12

I have two sets of polygons in two tables. The sets overlap each other. For each polygon in set A, I would like to get the ID of the polygon in set B that it overlaps the most. I'm using PostgreSQL with the PostGIS extension.

I know just enough about SQL to know that you can only join based on true/false conditions. So this won't work:

SELECT
  a.id as a_id,
  b.id as b_id,
FROM
  a
JOIN
  b
ON
  max(ST_Area(ST_Intersection(a.geom, b.geom)))

because max() can't be in the ON clause.

ST_Intersects() is a true/false test, so I could join on that, but polygons in set A will often overlap with more than one polygon in set B, and I need to know which one overlaps the most. ST_Intersects would presumably just return the first overlapping ID it came across, regardless of the extent of the overlap.

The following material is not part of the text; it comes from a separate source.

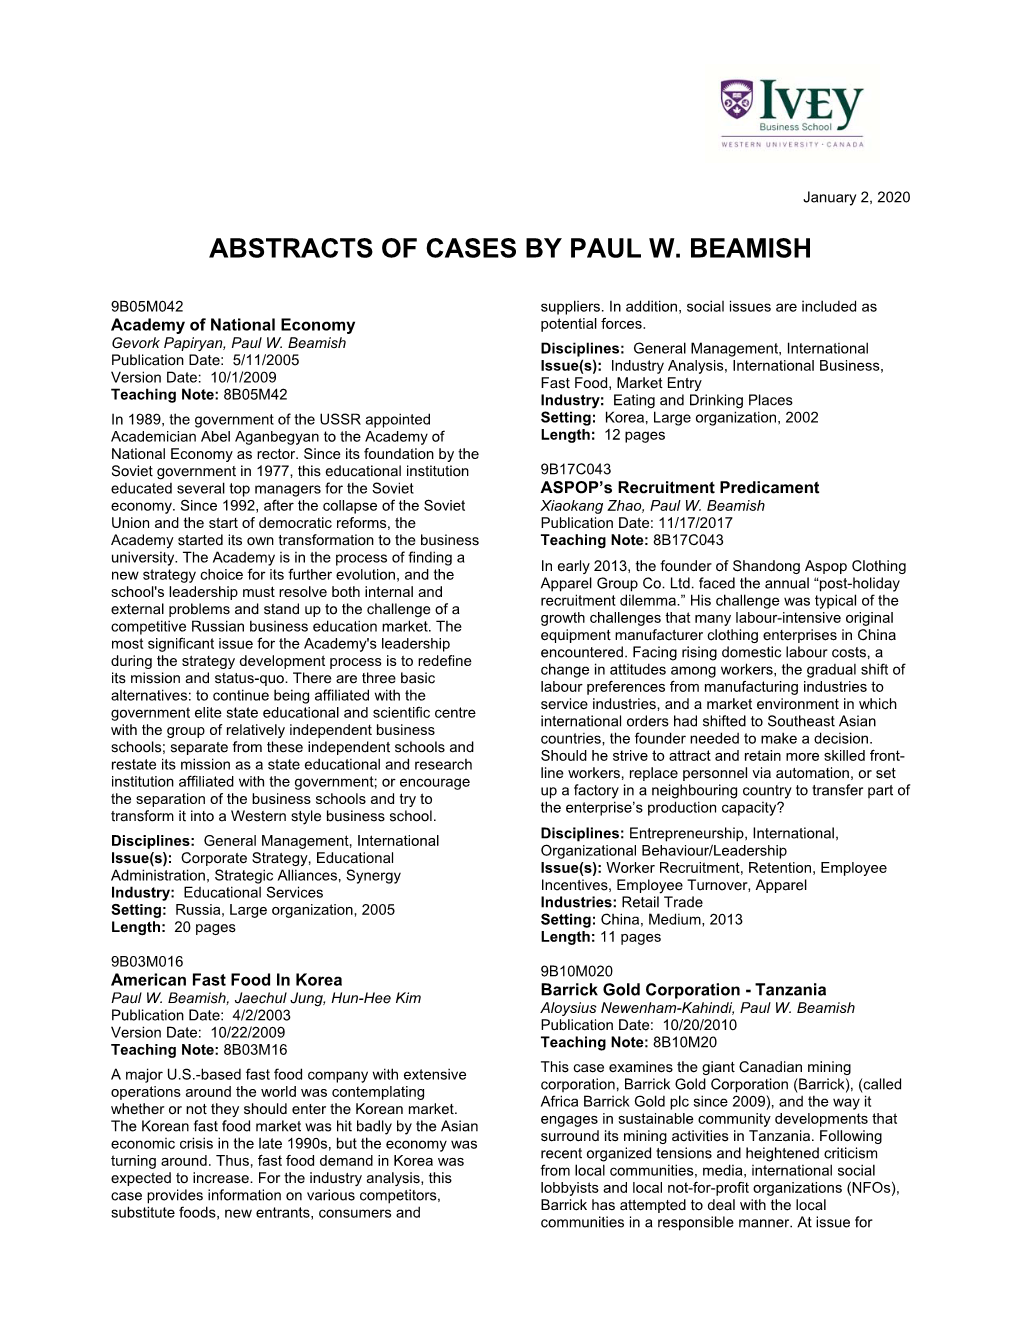 Abstracts of Cases by Paul W. Beamish

This seems like it should be do-able, but it's beyond me. Any thoughts?

1 Answer 1

17

You could use something like:

SELECT DISTINCT ON (a.id)
  a.id as a_id,
  b.id as b_id,
  ST_Area(ST_Intersection(a.geom, b.geom)) as intersect_area
FROM a, b
ORDER BY a.id, ST_Area(ST_Intersection(a.geom, b.geom)) DESC

It:

1) Calculates ST_Area(ST_Intersection(a.geom, b.geom)) for every (a,b) pair of records.

2) Orders them by a.id and by intersect_area when a.id are equal.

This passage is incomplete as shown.